Le Bateau Ivre, Rue Férou, Paris, France

Le Bateau Ivre, Rue Férou, Paris, France

Move around your subject

When you’re out making photographs, don’t forget to “work the scene”. Move around your subject and make photographs at different angles and different perspectives.

Don’t just take photos… make photos!

Instead of holding the camera up to your eye and taking a photograph, start moving around. Look up. Look down. Turn around. Change your position and walk around your subject. You’ll see things from a completely different perspective and your images will will start to stand out from the crowd.

When photographing kids or pets, simply getting down to their eye level will completely change the look of the photograph – as adults our normal point of view is looking down at the kids. By getting down to their level, you’re showing something that is out of the ordinary. It’s a simple thing to do, but it makes a huge difference.

Let sleeping dogs lie

An old dog sleeping on the footpath in London (Olympus OMD E-M5 + m.Zuiko 9-18/ƒ4-5.6, 1/320 sec, ƒ5.6, 18mm, ISO200)
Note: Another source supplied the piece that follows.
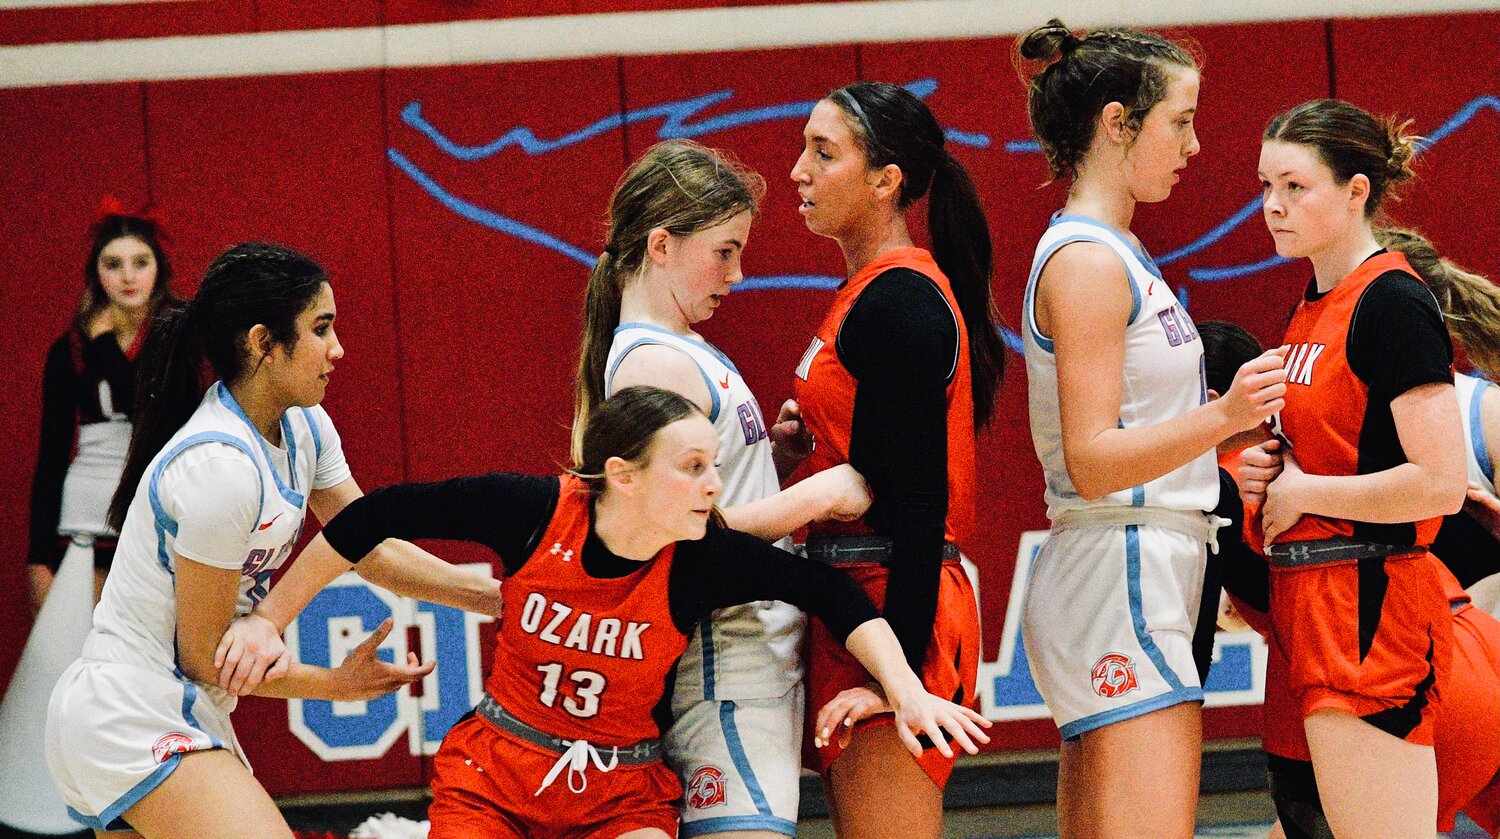 OZARK'S LYLA WOOD breaks from a pack of players.

It doesn’t matter what the subject of your photograph is, by simply moving around and changing the way you approach it, your photographs are bound to improve.

Can you get “the” shot on your first attempt? Of course you can, but you’ll often find yourself making images you hadn’t thought of that you end up liking more than the original image you had envisioned.
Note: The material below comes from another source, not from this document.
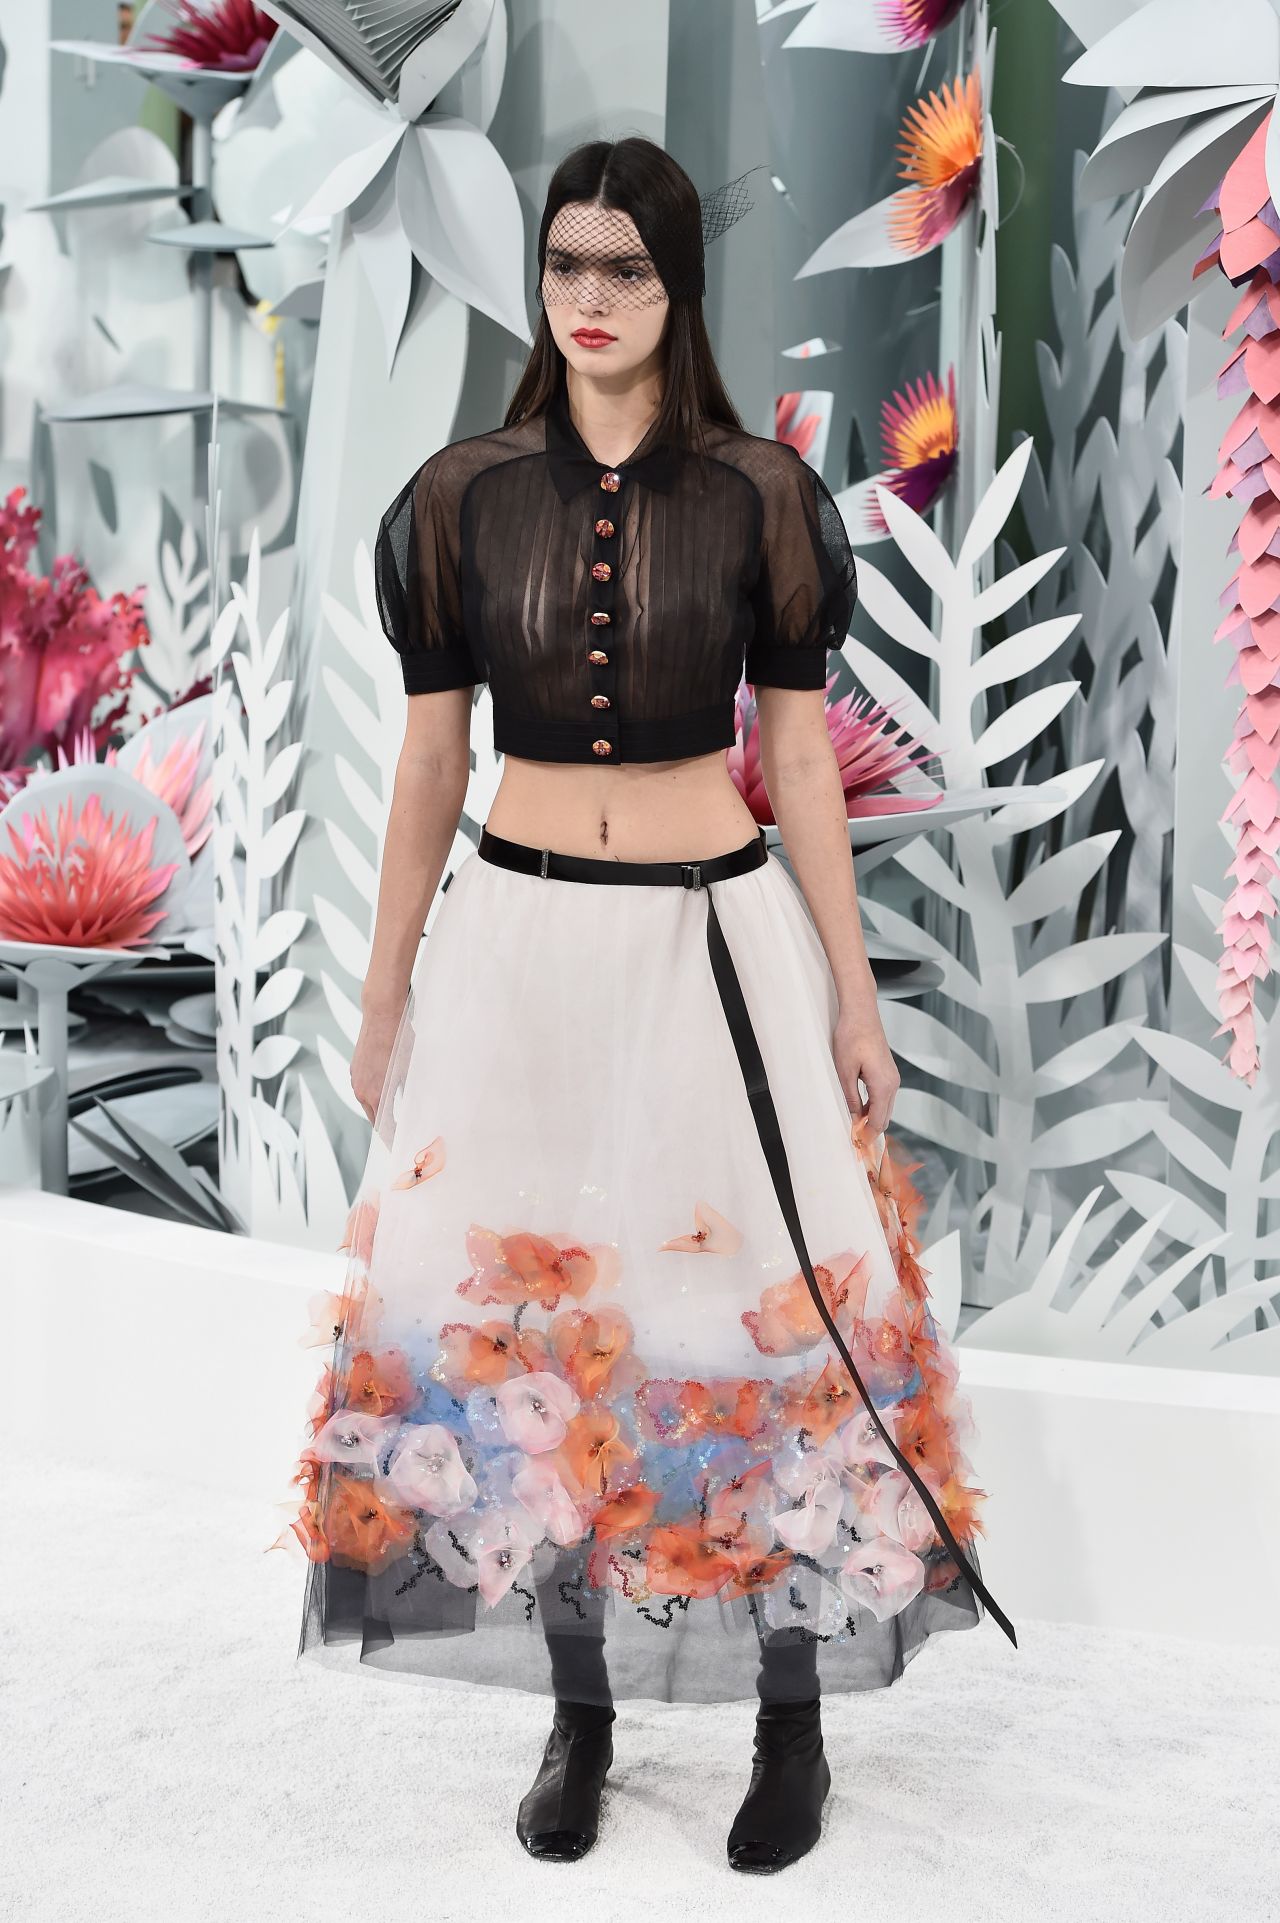 kendall-jenner-chanel-spring-summer-2015-fashion-show-in-paris_

On a trip to Paris last year, we visited Le Bateau Ivre, on Rue Férou. It’s a great location for photographs with many great angles. All of the following images were made by simply walking around, changing the angle of view and moving closer or further away. The images all have a different look and feel, yet were all made within about 20 metres of each other using a Fujifilm X100S.

Le Bateau Ivre, Rue Férou, Paris, France

A wide shot that sets the scene at Le Bateau Ivre, Rue Férou, Paris (Fujifilm X100S, 1/220 sec, ƒ2, ISO200)
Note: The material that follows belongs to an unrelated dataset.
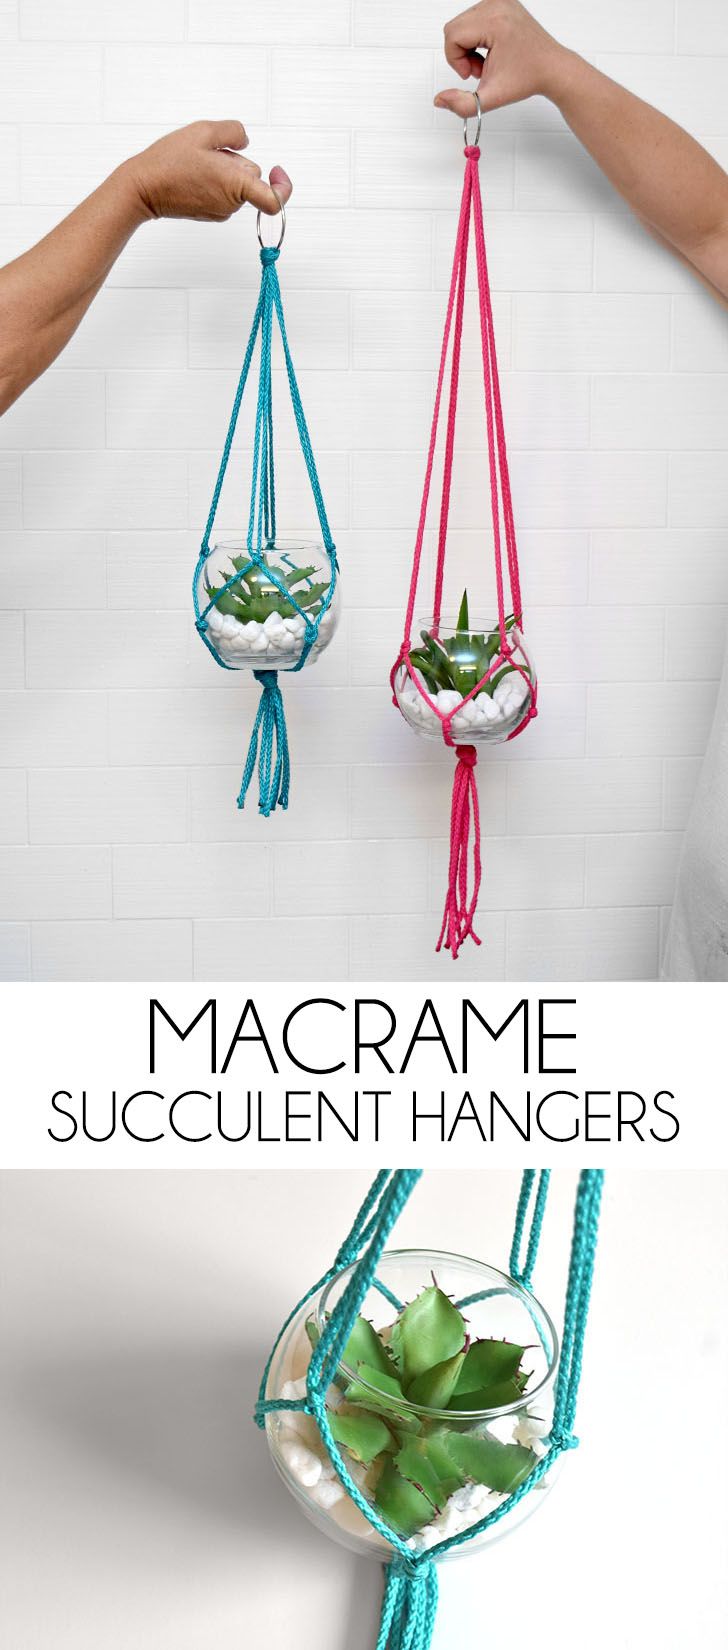 Macrame is so easy to do! Try it out with this simple succulent hanger!

The first shot above was taken from the opposite side of the road. It’s a “wide” shot that sets the scene for the other images.

Then I moved in slightly closer to get a “medium” shot. Remember, these images were all made with the Fujifilm X100S, which has a fixed focal length lens equivalent to 34mm on a full-frame camera. The only way to “zoom” in or out is to move closer or further away from your subject.

Le Bateau Ivre, Rue Férou, Paris, France

A medium shot that still sets the scene at Le Bateau Ivre, Rue Férou, Paris (Fujifilm X100S, 1/125 sec, ƒ2, ISO200)

The following images were all made simply by moving around, getting closer and changing my angle of view. They all give a different perspective to the location.

Le Bateau Ivre, Rue Férou, Paris, France

A tight shot of the writing at Le Bateau Ivre, Rue Férou, Paris (Fujifilm X100S, 1/250 sec, ƒ2, ISO200)

Le Bateau Ivre, Rue Férou, Paris, France

A shot of the writing on the wall at Le Bateau Ivre, Rue Férou, Paris (Fujifilm X100S, 1/125 sec, ƒ2, ISO200)

Le Bateau Ivre, Rue Férou, Paris, France

A tight shot of part of the writing on the wall at Le Bateau Ivre, Rue Férou, Paris (Fujifilm X100S, 1/125 sec, ƒ2, ISO320)

Simply by moving around, you can show different angles and points of view of a simple scene. Don’t be afraid to change things up a little. Use different apertures to control depth of field; move further away or get in close to set the scene and show details.

“Le Bateau ivre” (“The Drunken Boat”) is a 100-line verse-poem written in 1871 by Arthur Rimbaud.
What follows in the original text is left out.